It will be some time before investigations into the Upper Big Branch coal mine explosion conclude, but local emotions are running high, and there has been a public outcry for criminal charges for the deaths of 29 miners. We spoke to Kristen Keller, the West Virginia state prosecutor in Raleigh county, where the mine is located, about the potential and difficulties of a criminal case in a disaster of this type.

InsideCounsel: Is this the type of situation where you would possibly go after individual executives?

Kristen Keller: I'm getting a lot of calls and letters. It worries me a little bit whenever people demand a quick criminal prosecution. I don't think it enters their mind that we don't know who, if any human being, is to blame here.

IC: What course will the various investigations take?

KK: The U.S. Attorney, Chuck Miller, will review all information gathered from Mine Safety and Health Administration's investigation. I've also been assured by the governor's office and the West Virginia State Police that if the investigation that the governor has ordered develops evidence of a violation of criminal statutes, then the state police would investigate and I would be notified. I'll also be notified if MSHA's investigation turns up any violation of state laws.

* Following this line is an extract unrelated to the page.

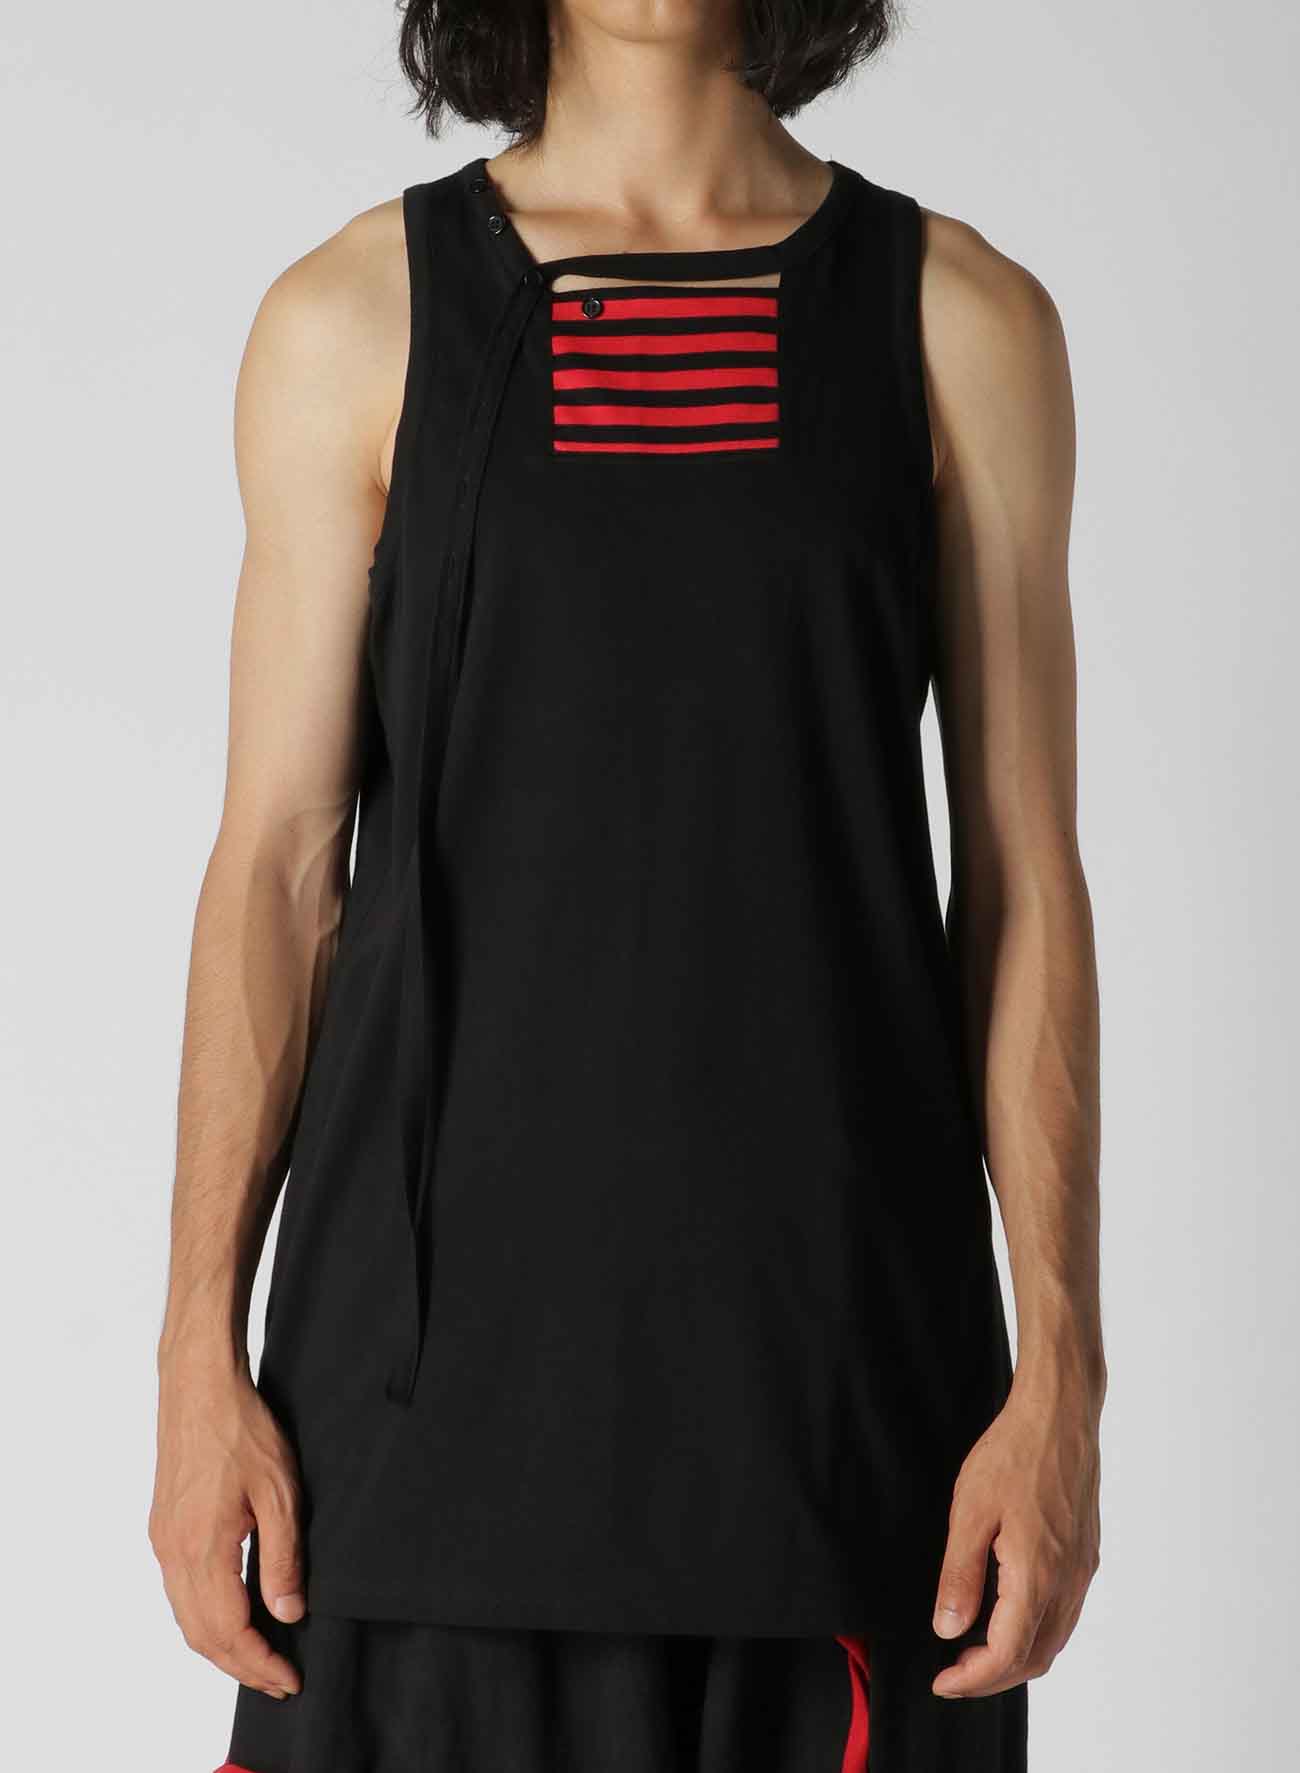 COMBED SINGLE JERSEY BINDER HENRY NECK TANK TOP

In any case, if there is evidence to support a criminal prosecution, then we would do so.

IC: How do you determine who will take the lead on a criminal prosecution?

KK: There are times when we have a case that could be a violation of either the federal or state law. Sometimes we'll ask the federal folks to take it, and other times they'll ask us to take it. We look at whether or not the evidence fits the elements, under either the federal statute or a state statute, and then we look at the possible penalties.

For example, they never take state murder prosecutions, because we have life without parole. But this would be a case where because West Virginia's manslaughter penalty is low--many states have a more substantial penalty--if whatever constituted negligent homicide also constituted a federal mine safety violation, then I would hope that the U.S. Attorney's office would take the prosecution.

IC: Are cases like this difficult to prosecute there?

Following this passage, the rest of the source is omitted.